Any chance this error could be diagnosed? Has it got to do with strings vs. integers in Rapidminer?
Ok, you are right. Values set in the "Set Macro" operator are strings. This is usually not a problem in other contexts, as you can use eval() or parse() to convert it to a number. In your context, however, this does not work and we need to get a bit more creative. What seems to work is the following:
This process is very similar to the one before, however, instead of using "Set Macro" operators, you start by reading in an Excel or CSV File that consists of one column --> "LayerSize". In this column you have the hidden layer sizes you want to iterate through. It is important that you read the values in as numerical types, otherwise you will run into the same issue as before. If in doubt, use the import wizard.
Now, instead of setting the macro values directly, you can extract them from the read-in file, which contains your layer sizes, with the "Extract Macro" operator. By setting the macro type to "data value" you get a new parameter called "example index". This is basically just the row number in your Excel sheet and luckily you can iterate through it within the Optimize operator.
My Excel sheet had six values for hidden layers, hence I am iterating through from 1 to 6. You will need to adapt accordingly, depending on how many values for hidden layers you have. You need to use one "Extract Macro" operator for each hidden layer you would like to iterate through. If the values you would like to iterate through for different hidden layers are not identical, you would need to create more than one Excel/CSV file and read them in, as shown in the process above.
Hi FBT
Oh I see, I was trying to put eval() into the hidden layer size in the Deep Learning operator. So it was an issue with 'strings' being read by the Set Macro operator. I have implemented the workaround that you have suggested, and it works well, although sometimes the Deep Learning shows a Warning message about the macro not being defined.

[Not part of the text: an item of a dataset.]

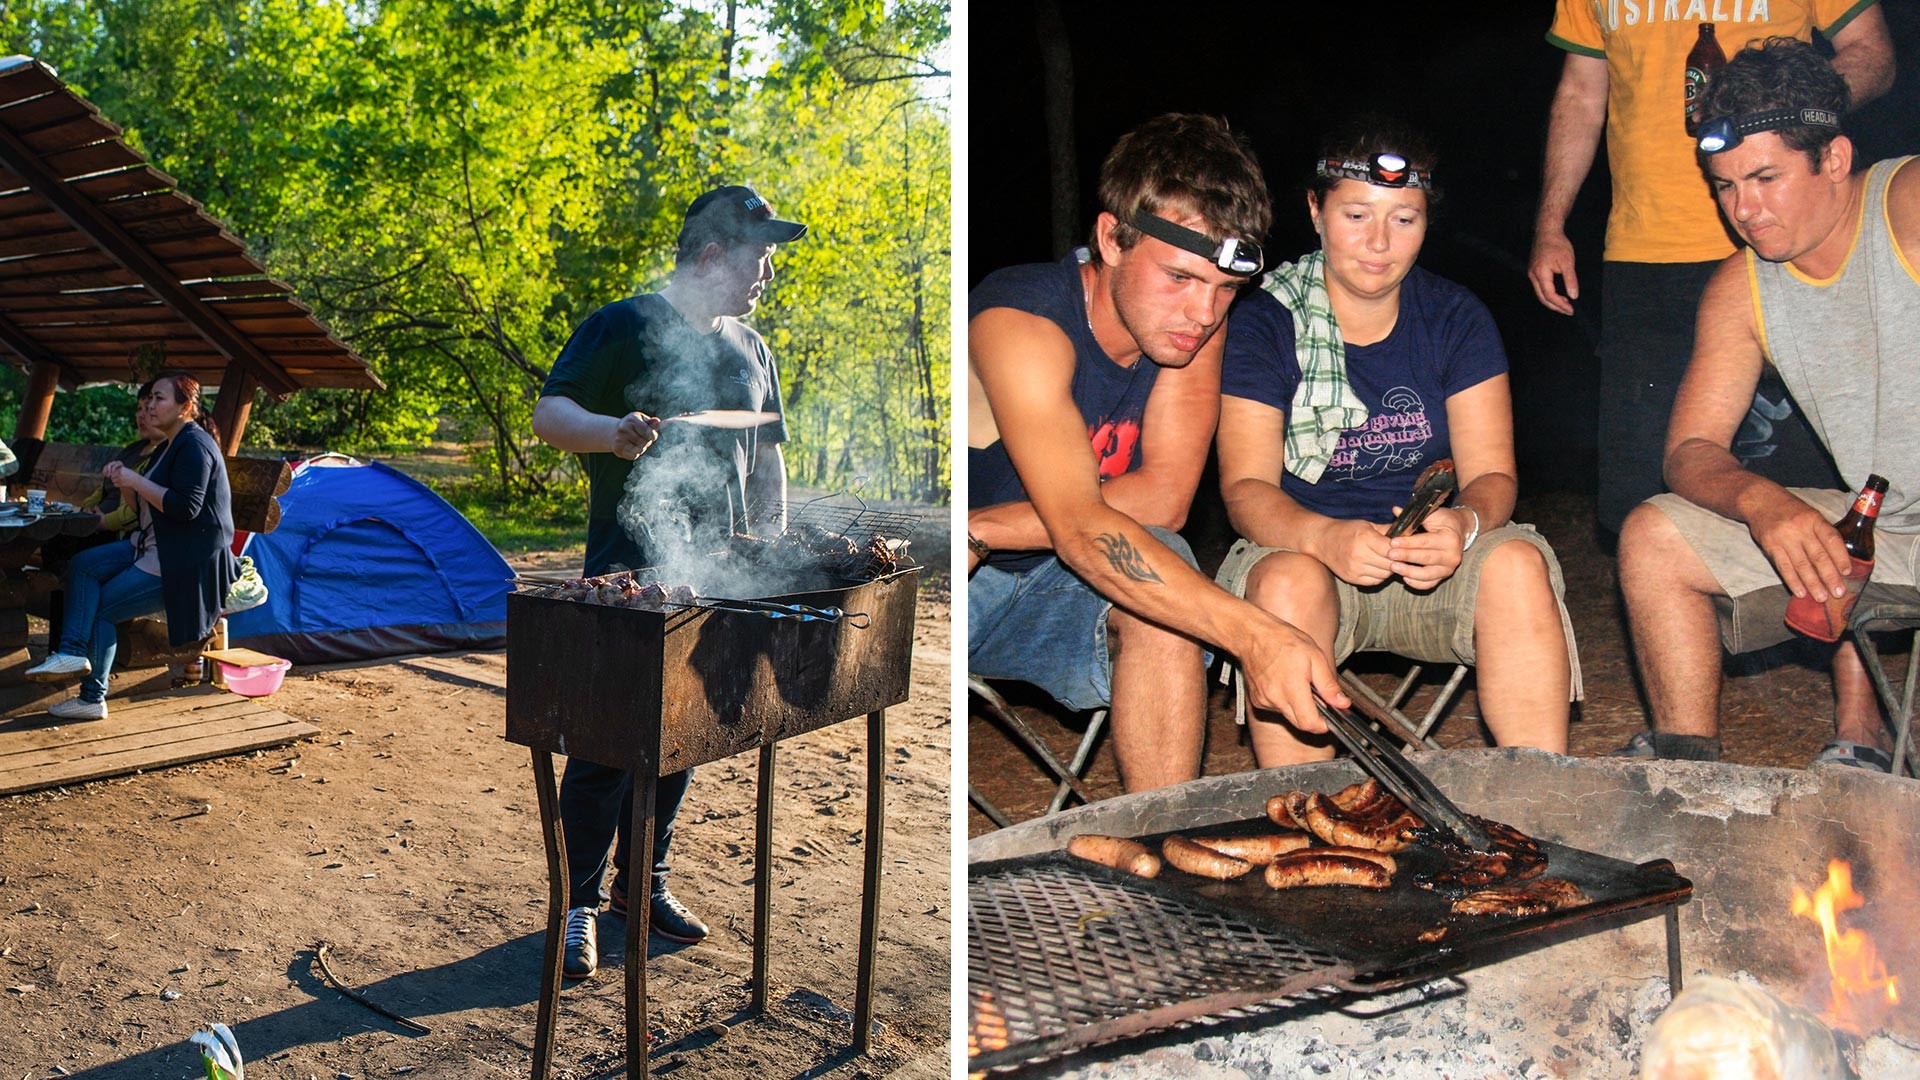 Left: Muscovites make shashlyk at the park. Right: Locals in Australia make a nice BBQ evening.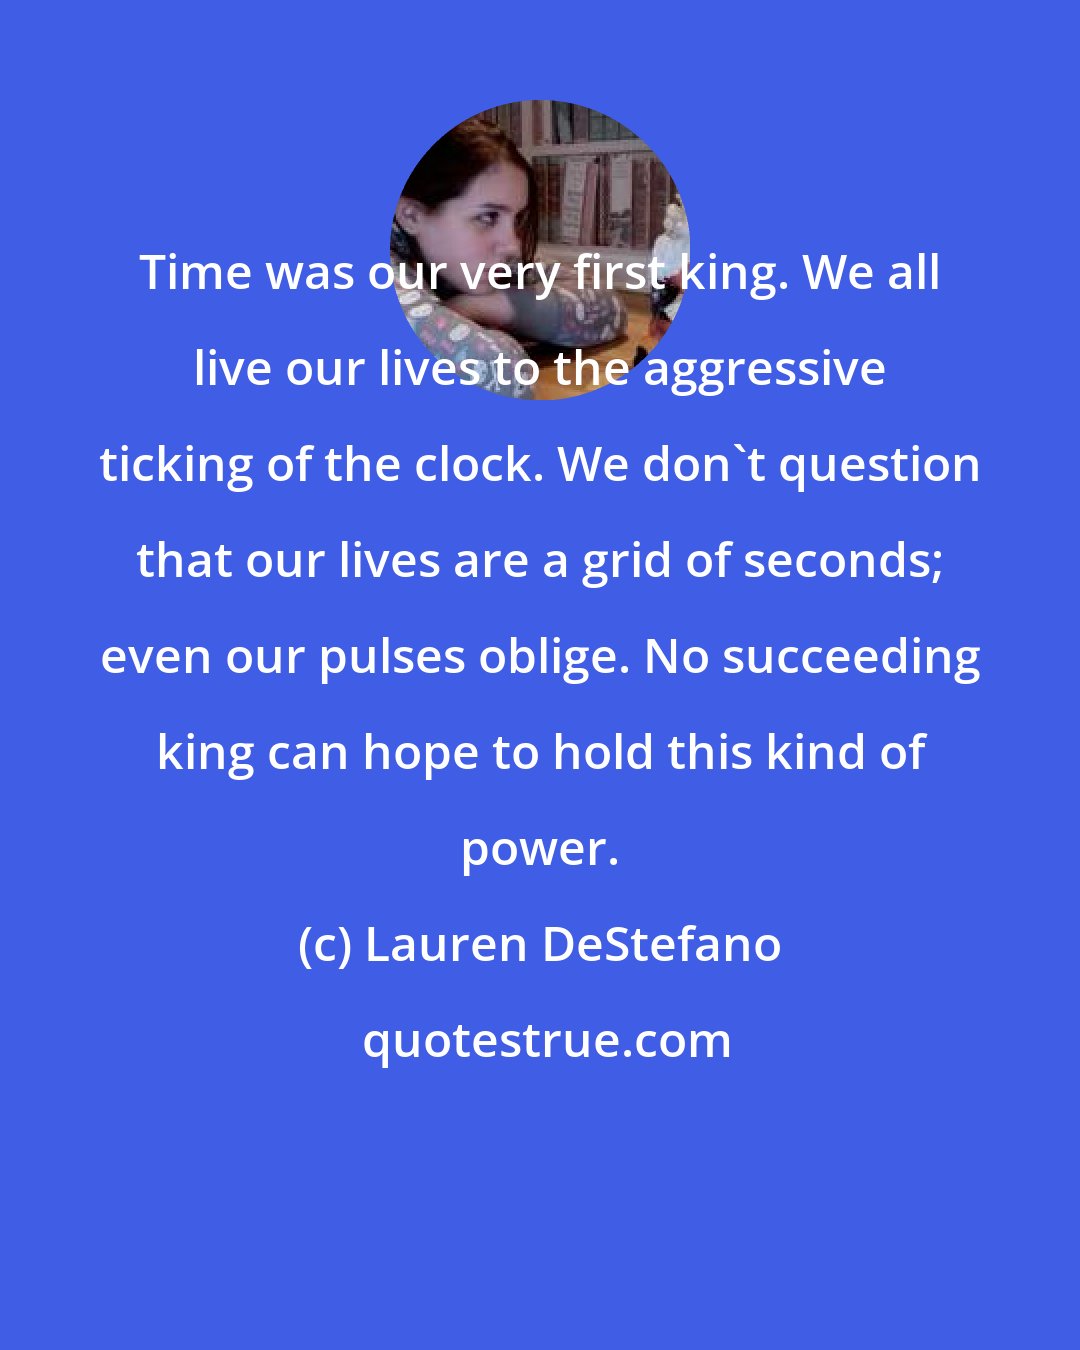 Lauren DeStefano: Time was our very first king. We all live our lives to the aggressive ticking of the clock. We don't question that our lives are a grid of seconds; even our pulses oblige. No succeeding king can hope to hold this kind of power.

On a separate note, do you know what the 'standardize' parameter in DL does? It says:
Once again, thank you for your detailed clarifications on this topic.
Regards
I believe that this parameter rescales your attributes to have a mean of 0 and and a standard deviation of 1. Also, it assumes that your data has a Gaussian distribution.
I see, so its essentially an in-built Normalize operator with the Z-scaling method. I'm assuming the user can choose between a manual normalization or simply checking this parameter?